Mudando radicalmente de assunto, às vezes precisamos falar de coisas menos pesadas, principalmente quando a pandemia não mostra sinais de que vai acabar. Na semana em que o país passou das 460 mil mortes e a CPI da COVID-19 escancarou o plano do governo de deixar morrer a população, talvez precisemos tar um tempo para nossos cérebros assimilarem tudo. Por isso, um assunto ameno: daqui uns dias tem pequi na panela do goiano. De fato, tem o ano todo depois que passaram a cultivá-lo ou trazê-lo de outras regiões. Polêmico, forte, amarelo. O ouro de Goiás é bom mesmo?
O QUE É PEQUI
Pequi é uma daquelas coisas da vida com as quais não há meio termo: ou se gosta ou não se gosta. Isso não parece ser um problema, a não ser se a pessoa que não gosta é goiano da gema, como eu sou. Não gostar de pequi, aqui em Goiás, é tido por alguns, como um sério problema. Não gostar de pequi e ser goiano é ser suspeito. As pessoas praticamente duvidam de sua seriedade como pessoa, outros acham loucura, é meio difícil de justificar, às vezes.

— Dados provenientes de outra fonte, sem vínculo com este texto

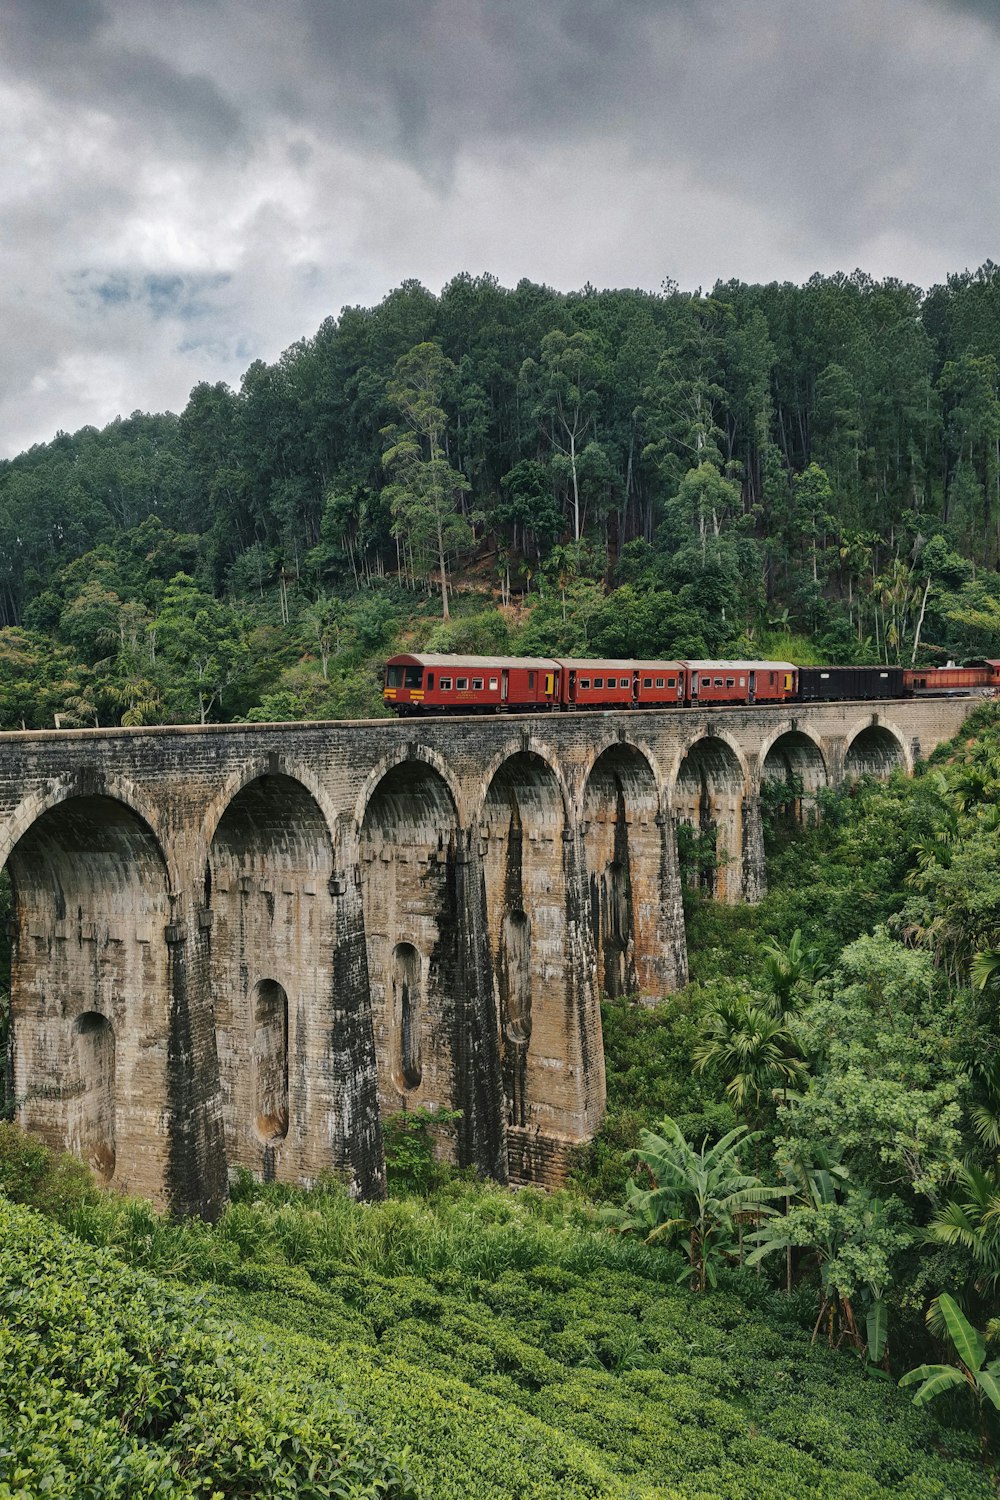 train on bridge in forest

Não gostar de pequi em Goiás significa que você não parece goiano, porque aqui, geralmente quem não gosta é de fora. Ou é o mineiro belorizontino, ou o paulista, ambos metidos a urbanos demais para gostar da iguaria. Chegam aqui de bico torcido, tapando o nariz para o cheiro forte, provando com cara ruim ou mesmo fazendo como os afoitos ‘estrangeiros’ desavisados que mordem o caroço cheio de espinhos por dentro.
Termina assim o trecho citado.